So, while JUSTICE THOMAS says that we "defer" to state courts' determinations of federal law, the statement is misleading. Although in practice, it may seem only "a matter of phrasing" whether one calls the Teague inquiry a standard of review or not, "phrasing mirrors thought, [and] it is impor- 




305 

tant that the phrasing not obscure the true issue before a federal court." Brown v. Allen, 344 U. S., at 501 (opinion of Frankfurter, J.). As JUSTICE KENNEDY convincingly demonstrates, the duty of the federal court in evaluating whether a rule is "new" is not the same as deference; federal courts must make an independent evaluation of the precedent existing at the time the state conviction became final in order to determine whether the case under consideration is meaningfully distinguishable. Teague does not direct federal courts to spend less time or effort scrutinizing the existing federal law, on the ground that they can assume the state courts interpreted it properly. 

Eighth, though JUSTICE THOMAS suggests otherwise, ante, at 293, de novo review is not incompatible with the maxim that federal courts should "give great weight to the considered conclusions of a coequal state judiciary," Miller v. Fenton, 474 U. S., at 112, just as they do to persuasive, wellreasoned authority from district or circuit courts in other jurisdictions. A state court opinion concerning the legal implications of precisely the same set of facts is the closest one can get to a "case on point," and is especially valuable for that reason. But this does not mean that we have held in the past that federal courts must presume the correctness of a state court's legal conclusions on habeas, or that a state court's incorrect legal determination has ever been allowed to stand because it was reasonable. We have always held that federal courts, even on habeas, have an independent obligation to say what the law is. 

Finally, in his one-sentence summary of respondent's arguments, ante, at 294, JUSTICE THOMAS fails to mention that Congress has considered habeas corpus legislation during 27 of the past 37 years, and on 13 occasions has considered adopting a deferential standard of review along the lines suggested by JUSTICE THOMAS. Congress has rejected each proposal. In light of the case law and Congress' position, a move away from de novo review of mixed questions of law 




306 

KENNEDY, J., concurring in judgment 

and fact would be a substantial change in our construction of the authority conferred by the habeas corpus statute.
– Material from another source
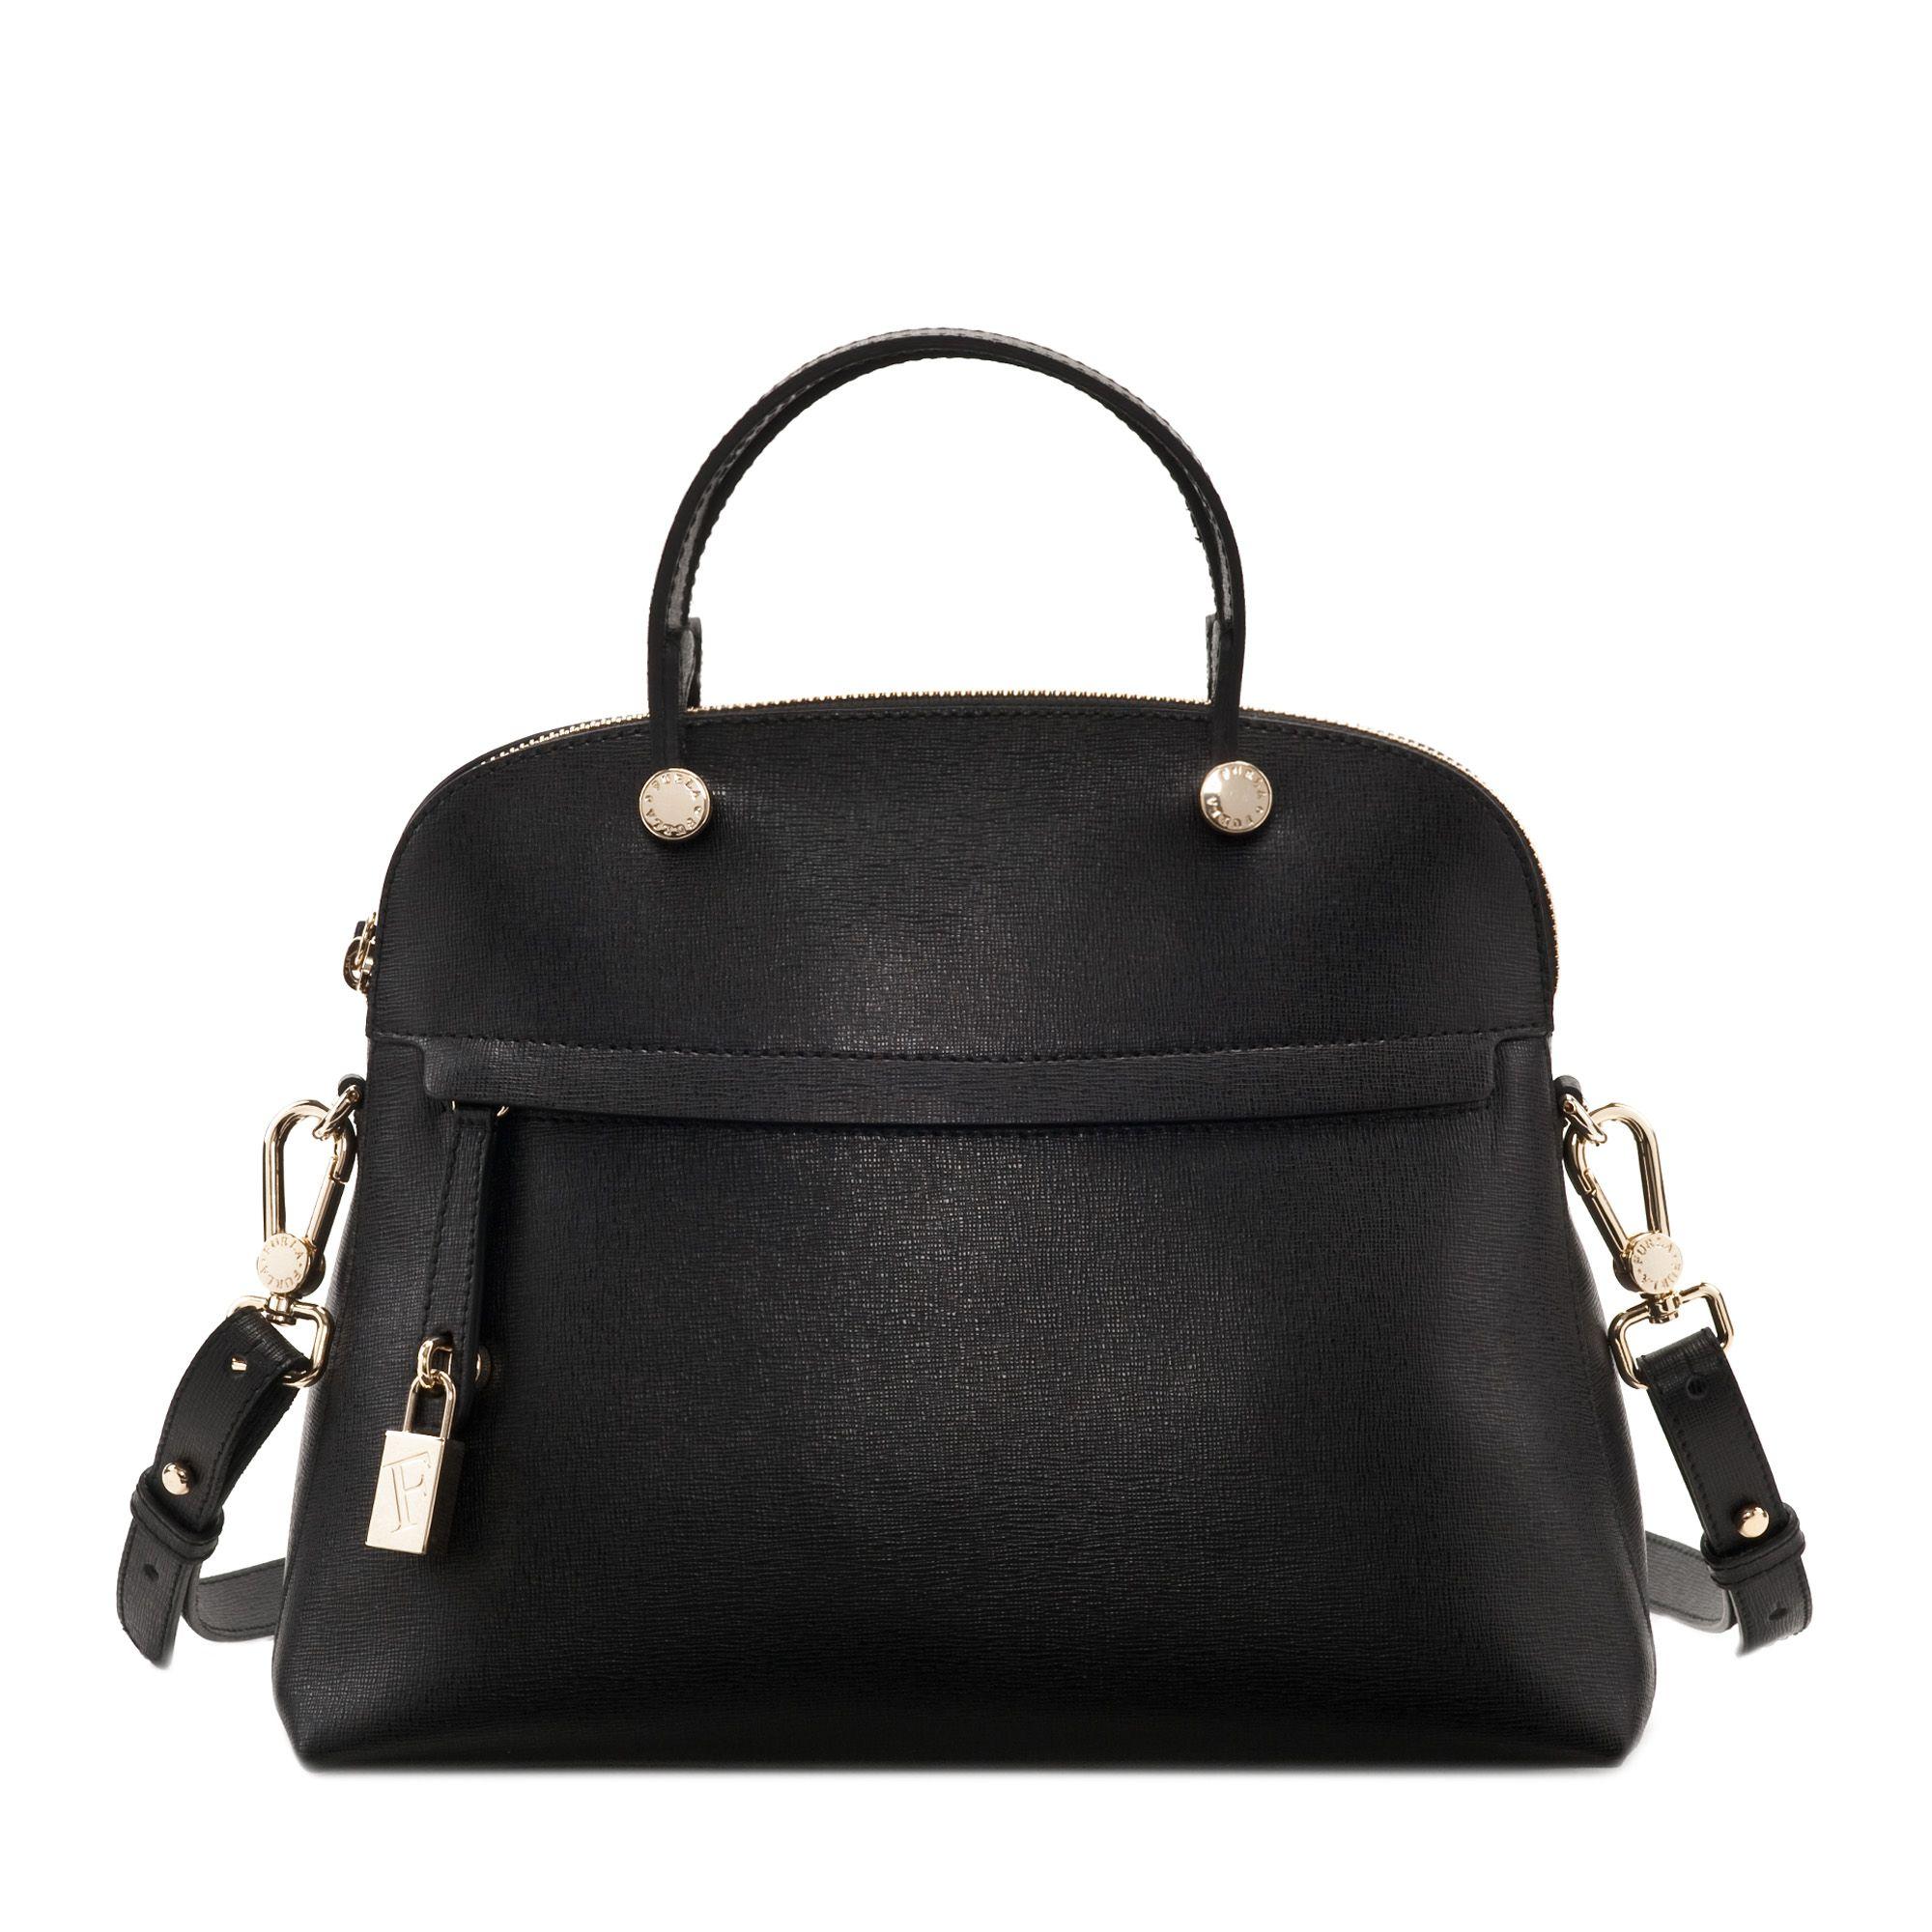 Furla Bag Piper Tote - Black Summer 2013 Collection
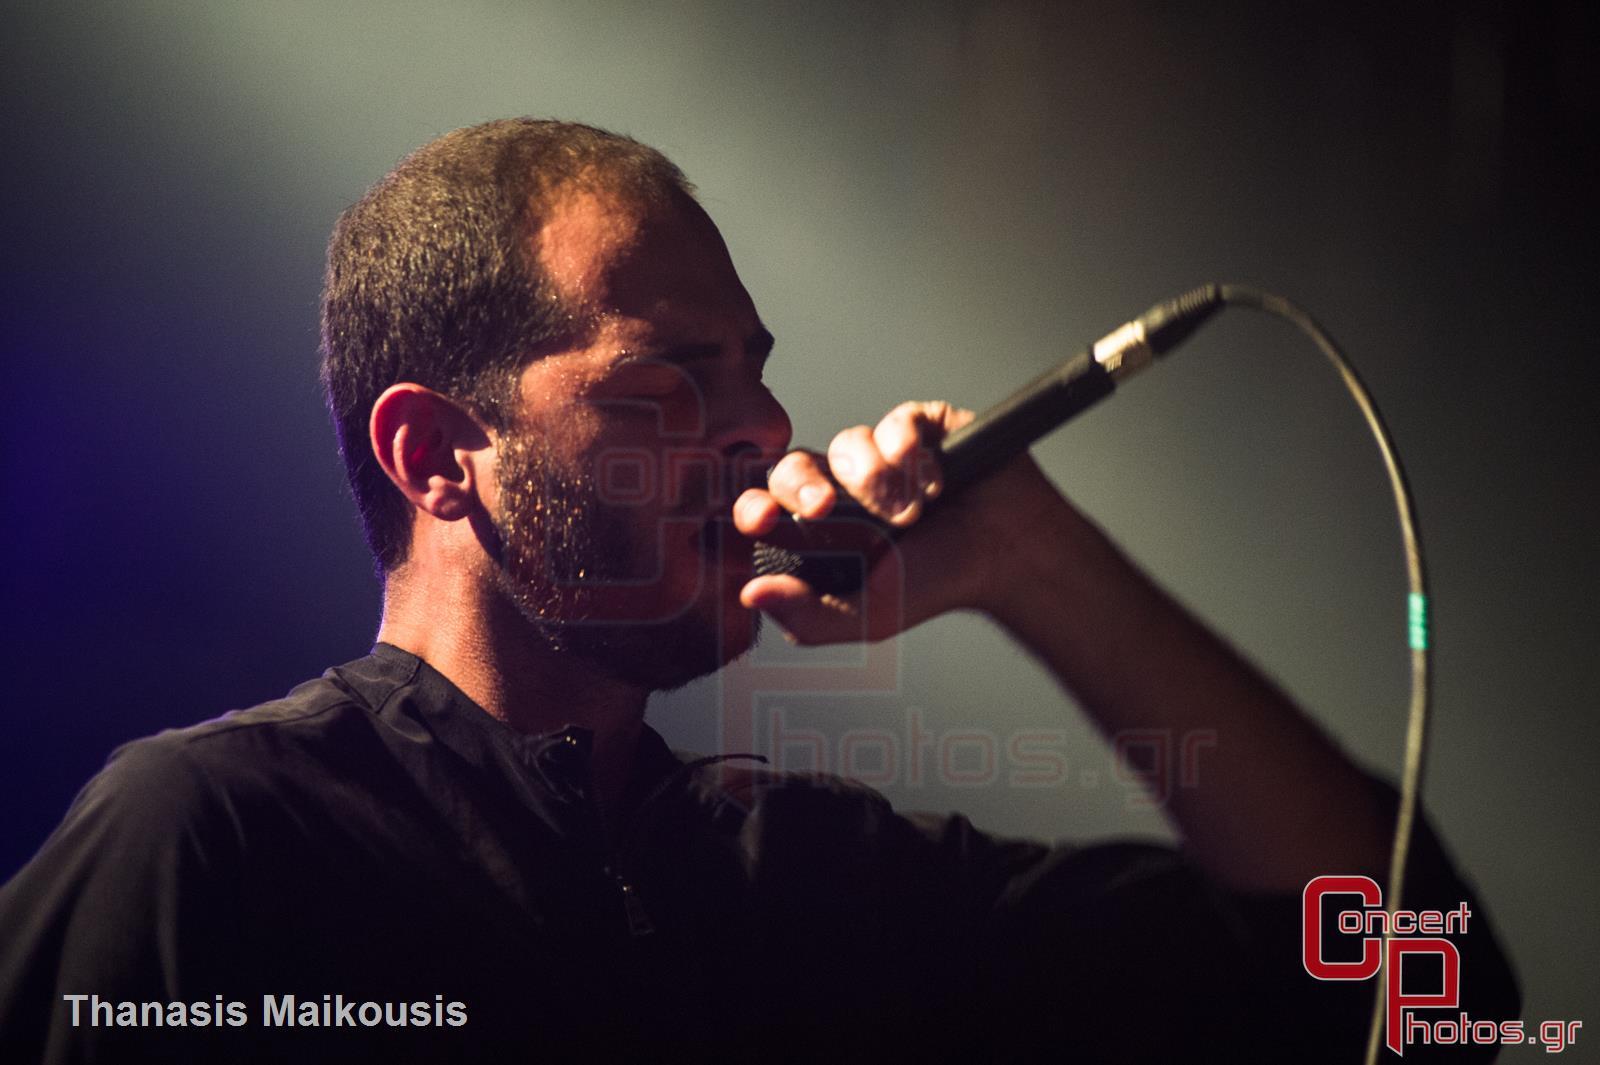 Gramatik-Gramatik Votanikos 2013 photographer: Thanasis Maikousis - ConcertPhotos-5331

As JUSTICE THOMAS acknowledges, to change the standard of review would indeed be "far-reaching," ante, at 295, and we need not decide whether to do so in order to resolve this case. 

JUSTICE KENNEDY, concurring in the judgment. 

I do not enter the debate about the reasons that took us to the point where mixed constitutional questions are subject to de novo review in federal habeas corpus proceedings. Whatever the answer to that difficult historical inquiry, all agree that, at least prior to the Court's adoption of the retroactivity analysis of Teague v. Lane, *489 U. S. 288* (1989), see Penry v. Lynaugh, *492 U. S. 302*, 313-314 (1989), the matter was settled. It seems that the real issue dividing my colleagues is whether the retroactivity analysis of Teague casts doubt upon the rule of Miller v. Fenton, *474 U. S. 104*, 112 (1985). Even petitioner State of Virginia and the United States as amicus curiae, both seeking a deferential standard with respect to mixed questions, recognize that this is how the standard of review question arises. See Brief for Petitioners 11 ("The notion that a state prisoner has a right to de novo federal collateral review of his constitutional claims ... surely has not survived this Court's decisions in Teague" and its progeny); Brief for United States as Amicus Curiae 12 ("Prior to the rule established by Teague [and later cases applying Teague], this Court often treated mixed questions of law and fact as subject to independent review in federal habeas corpus"). 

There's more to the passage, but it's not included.